Allele call was performed on the bona fide Streptococcus agalactiae 680 genomes using the 1,271 loci that constitute the core genome at 95%.

chewBBACA.py AlleleCall -i genomes/sagalactiae_680_draft_genomes/ -g tutorial_schema/schema_seed --gl results32_wgMLST/cgMLST/cgMLSTschema95.txt -o results680_cgMLST --cpu 6

The process took 1m32s to complete and added 23,767 novel alleles to the schema. Paralog detection found no paralogous loci.

Redetermination of the cgMLST

We can now concatenate the cgMLST results for the 32 complete genomes with the cgMLST results for the 680 genomes to have all the results in a single file. To concatenate the allelic profiles of both analyses run the following command:

chewBBACA.py JoinProfiles -p results32_wgMLST/cgMLST/cgMLST95.tsv results680_cgMLST/results_alleles.tsv -o cgMLST_712.tsv

We also redetermined the cgMLST based on the allele calling results for this more diverse set of strains:

chewBBACA.py ExtractCgMLST -i cgMLST_712.tsv -o cgMLST_712

The number of loci present in 95% of genomes based on the 712 assemblies is 1,194, a slight decrease from the number of loci present in 95% of the 32 genomes used for schema creation.

Evaluate genome quality

One important factor that was not evaluated, and that can greatly affect the cgMLST determination, is the quality of the genome assemblies. Since the quality of the used assemblies was not confirmed, it is possible that some of the assemblies included were of low quality. A general analysis of the assemblies (available at genomes/sagalactiae_assembly_stats.tsv) shows a N50 variation that ranges from 8,055 to over 2.2M, while the number of contigs ranges between 1 and 553. These results made us suspect that the quality of the genomes could have affected the allele call results and consequently caused a significant drop in the number of loci that constitute the cgMLST. We defined a set of minimum quality criteria to select high quality genome assemblies, that are the following:

  • Less than 150 contigs.

  • Genome size between 1,674,000 and 2,512,000 bases (defined according to the species genome size values provided by the NCBI on 16-12-2022 and available here).

  • Less than 1,000 N bases.

  • Less than 5% missing loci from the cgMLST (64 loci).

We identified 65 genome assemblies that did not meet the minimum quality criteria and 2 genomes that the NCBI excluded from RefSeq, GCA_000221325.2 and GCA_000427055.1, due to genome length too large and many frameshifted proteins, respectively (the list of excluded genome assemblies is available at expected_results/Evaluate_genome_quality/excluded_genomes.txt).
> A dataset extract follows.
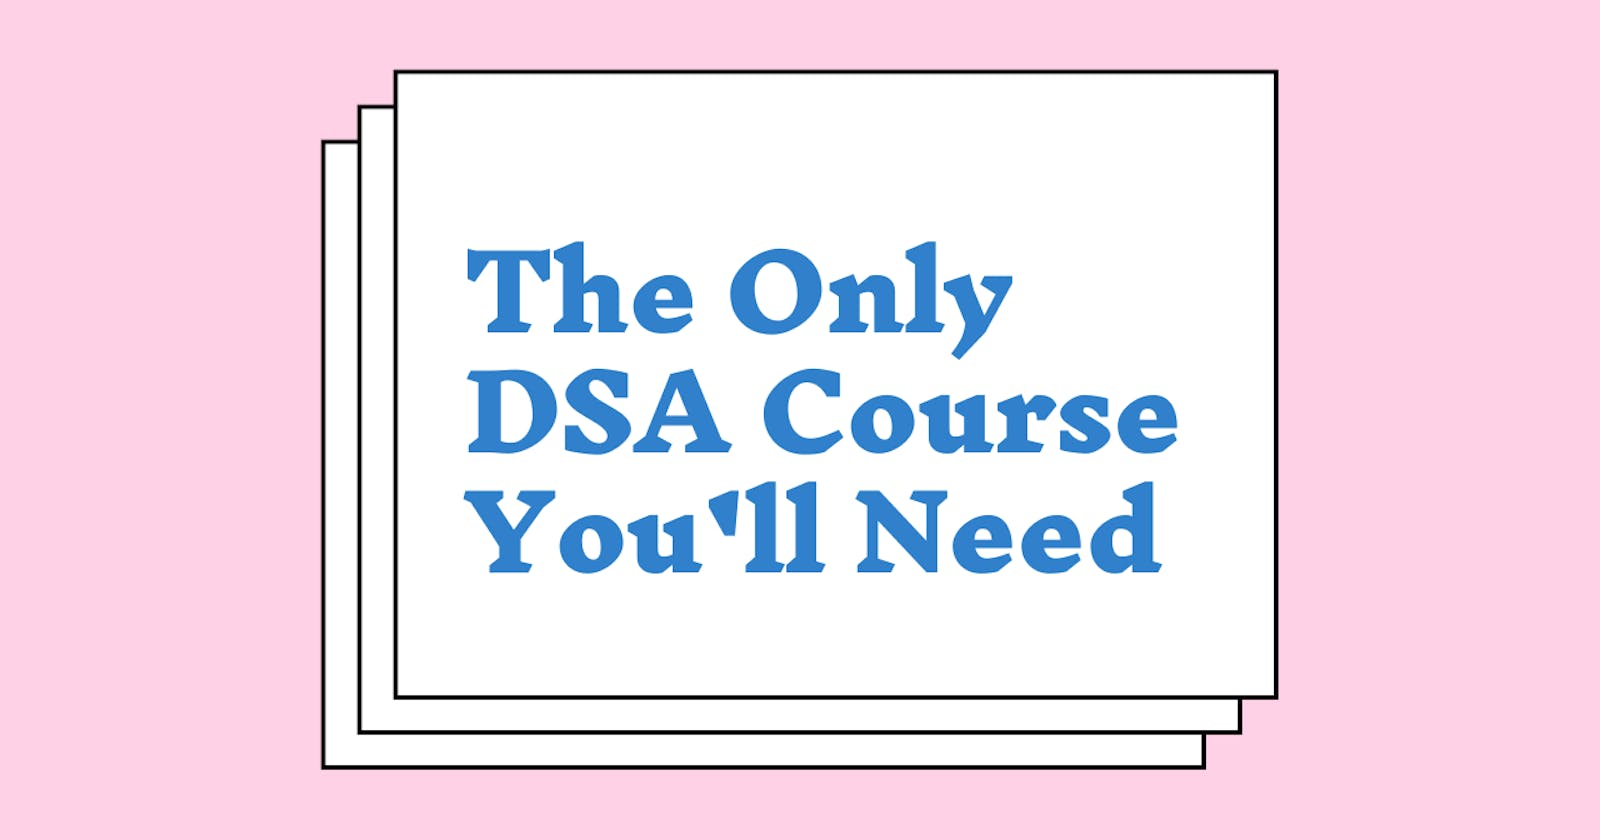 The Only DSA Course You'll Need

We used the following command to recompute the cgMLST:

chewBBACA.py ExtractCgMLST -i cgMLST_712.tsv -o cgMLST_645 --g expected_results/Evaluate_genome_quality/excluded_genomes.txt

The determined cgMLST at 95% includes 1,248 loci, an additional 54 loci (~+4% of the previously defined cgMLST).

Minimum Spanning Tree

You can upload the file cgMLST_645/cgMLST95.tsv and any of the associated metadata to PHYLOViZ Online to visualize a Minimum Spanning Tree and perform various dataset operations that allow you to explore and analyse the results generated during this tutorial. PHYLOViZ Online considers all classifications when computing the distances between samples. This means that classifications such as ASM and LNF will be treated in the same way as valid allele identifiers. If you want to define that your profile matrix includes missing data that should not count for cgMLST analysis, you can upload the profile matrix created by the ExtractCgMLST module, which converts/masks all non-integer classifications to 0 and removes INF- prefixes, to PHYLOViZ Online 2, which allows users to specify that a profile matrix includes missing data. Please note that PHYLOViZ Online 2 is not in production phase, and you might run into some feature bugs.